→ **To do**
Would you repeat word for word the lines of the listing that follows, from the one with "Hall at Klobucka" up to and including the one with "Велосипед Merida Big.Seven", and leave out the images?

→ **Information shown**
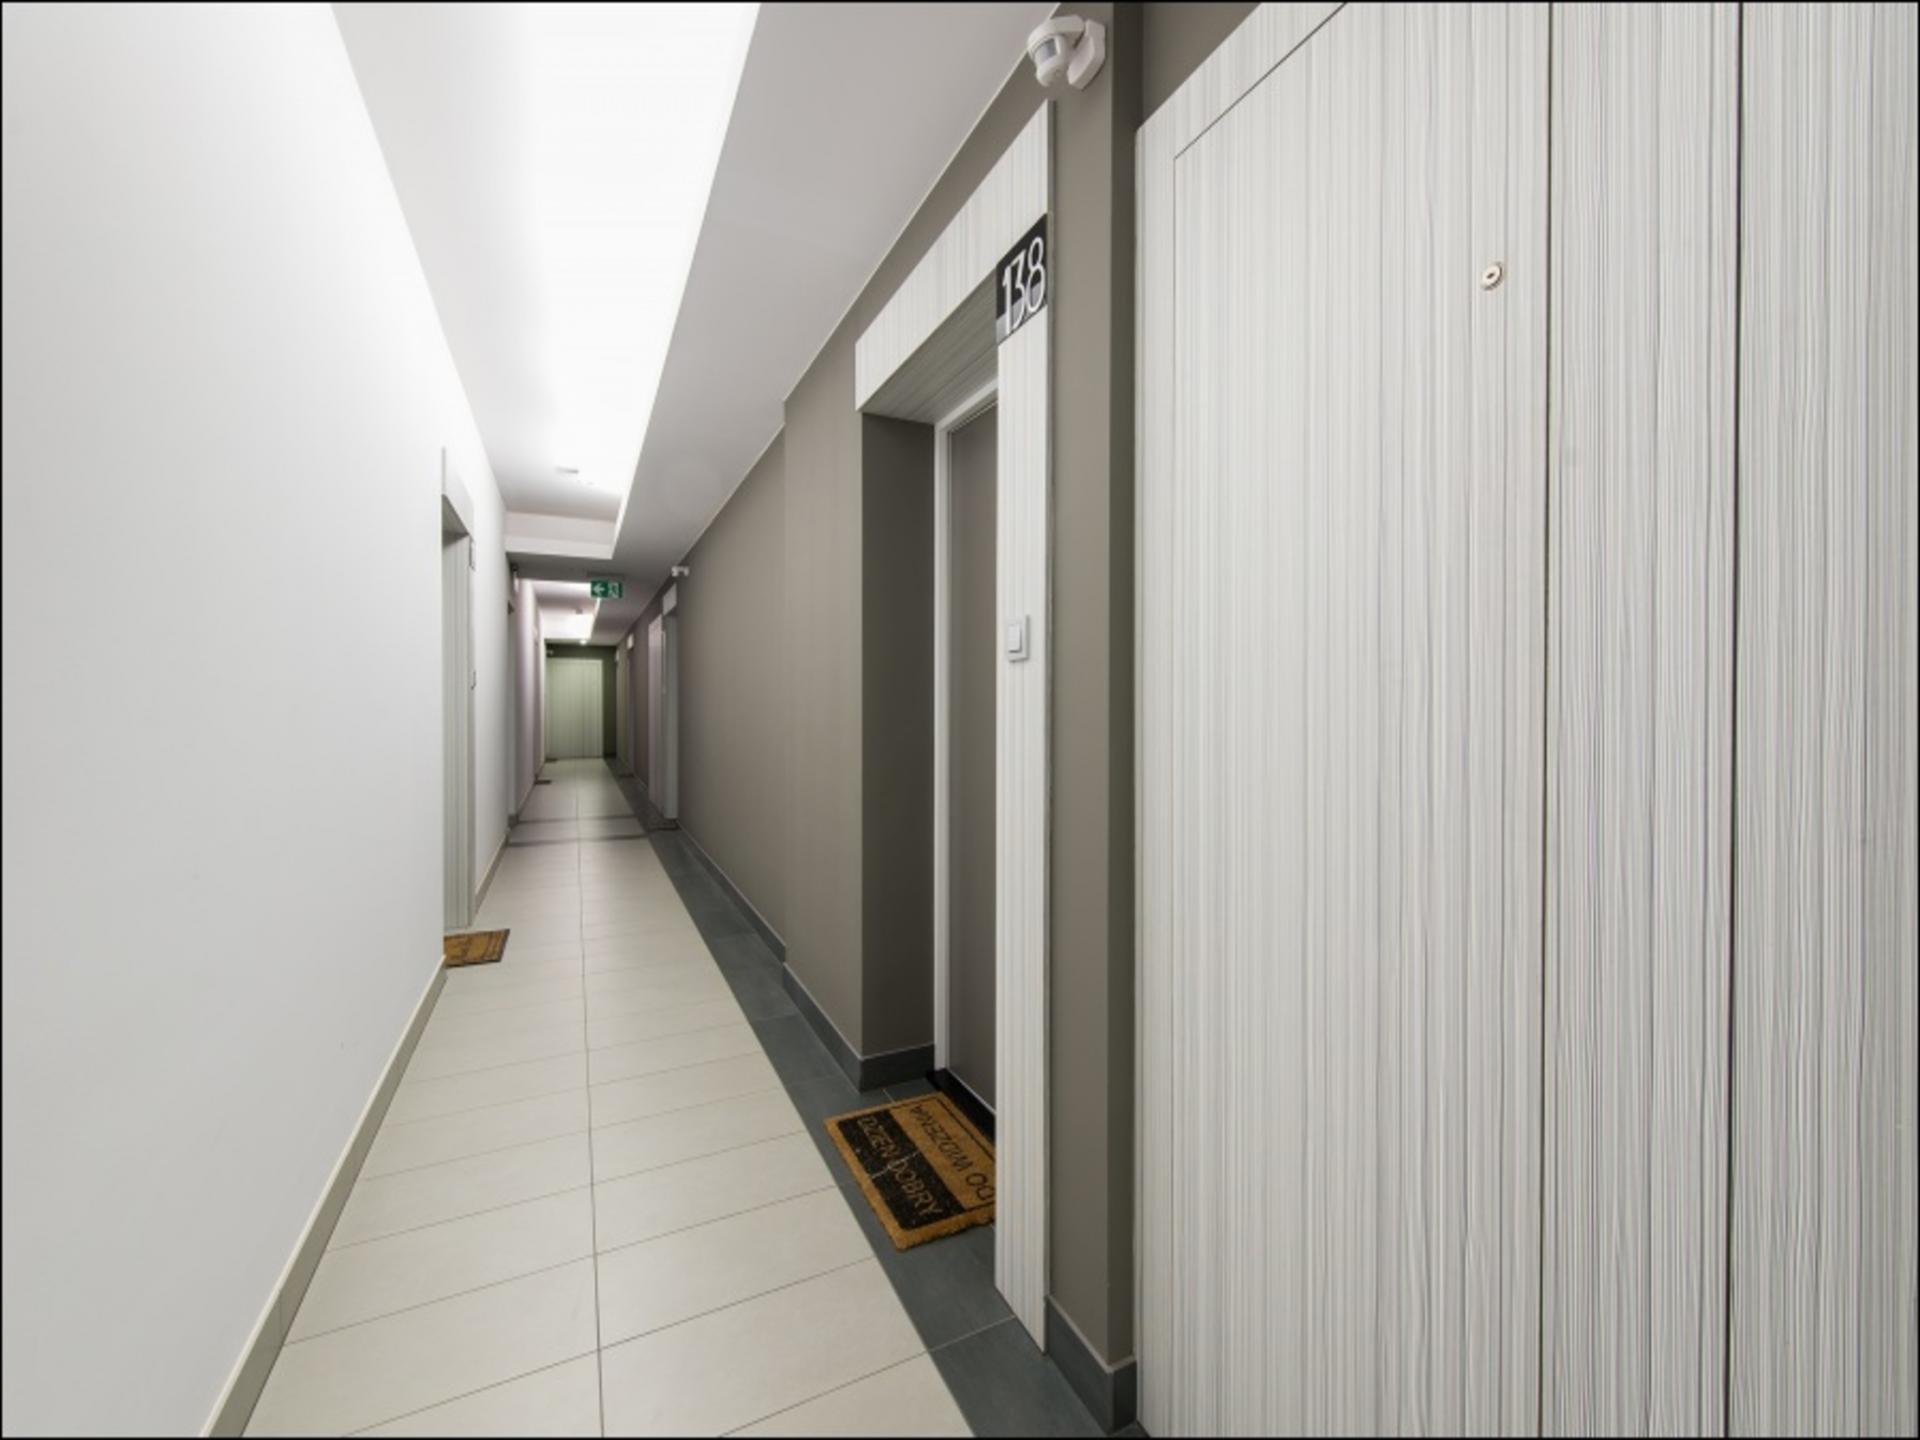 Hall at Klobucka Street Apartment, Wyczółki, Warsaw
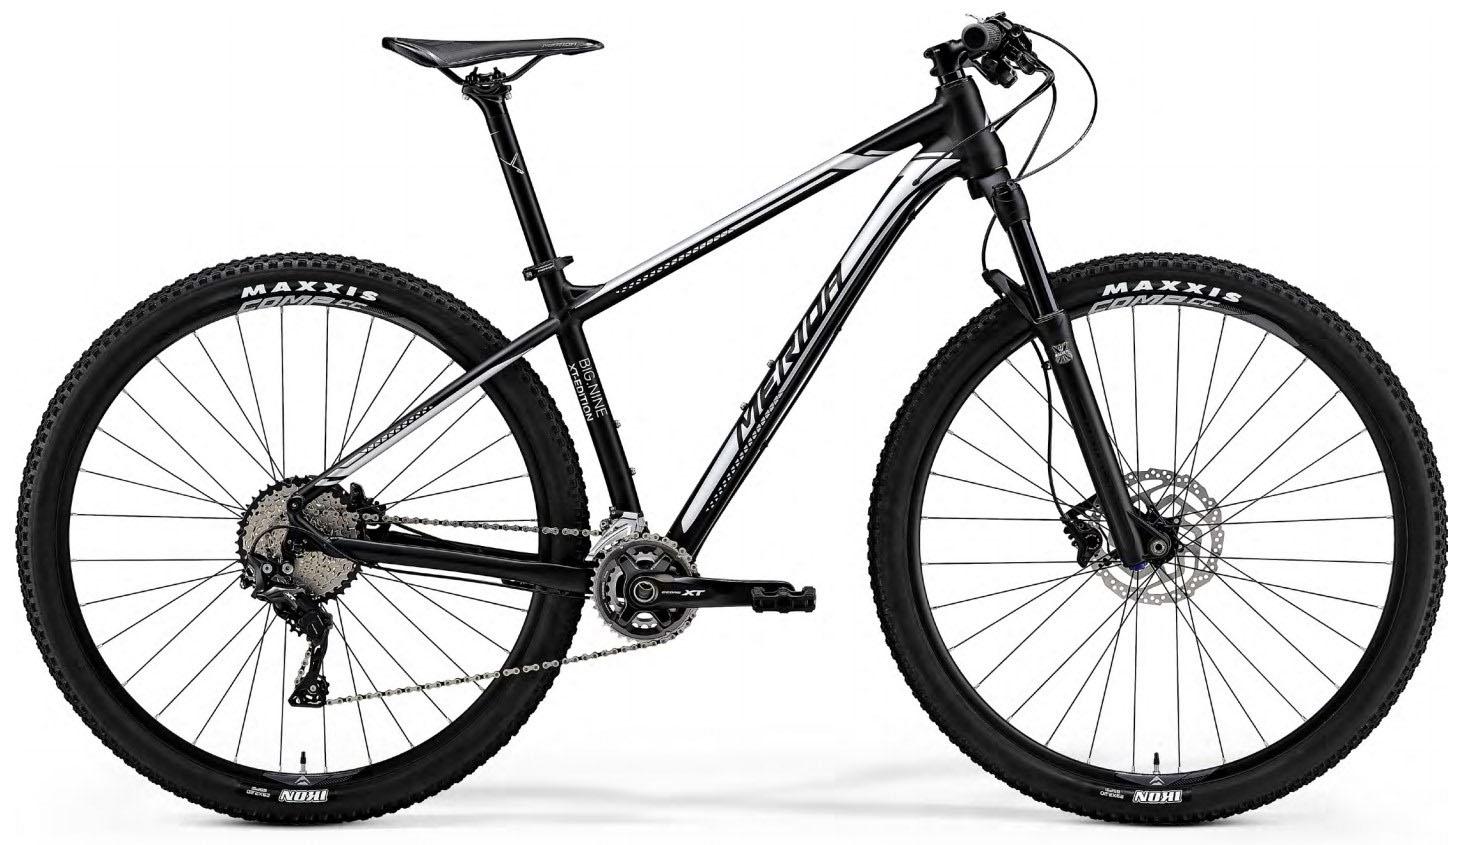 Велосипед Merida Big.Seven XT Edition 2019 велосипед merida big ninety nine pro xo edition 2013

...

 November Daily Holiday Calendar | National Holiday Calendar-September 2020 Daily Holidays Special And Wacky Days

→ **Solution to this problem**
 Hall at Klobucka Street Apartment, Wyczółki, Warsaw
 Велосипед Merida Big.Seven XT Edition 2019 велосипед merida big ninety nine pro xo edition 2013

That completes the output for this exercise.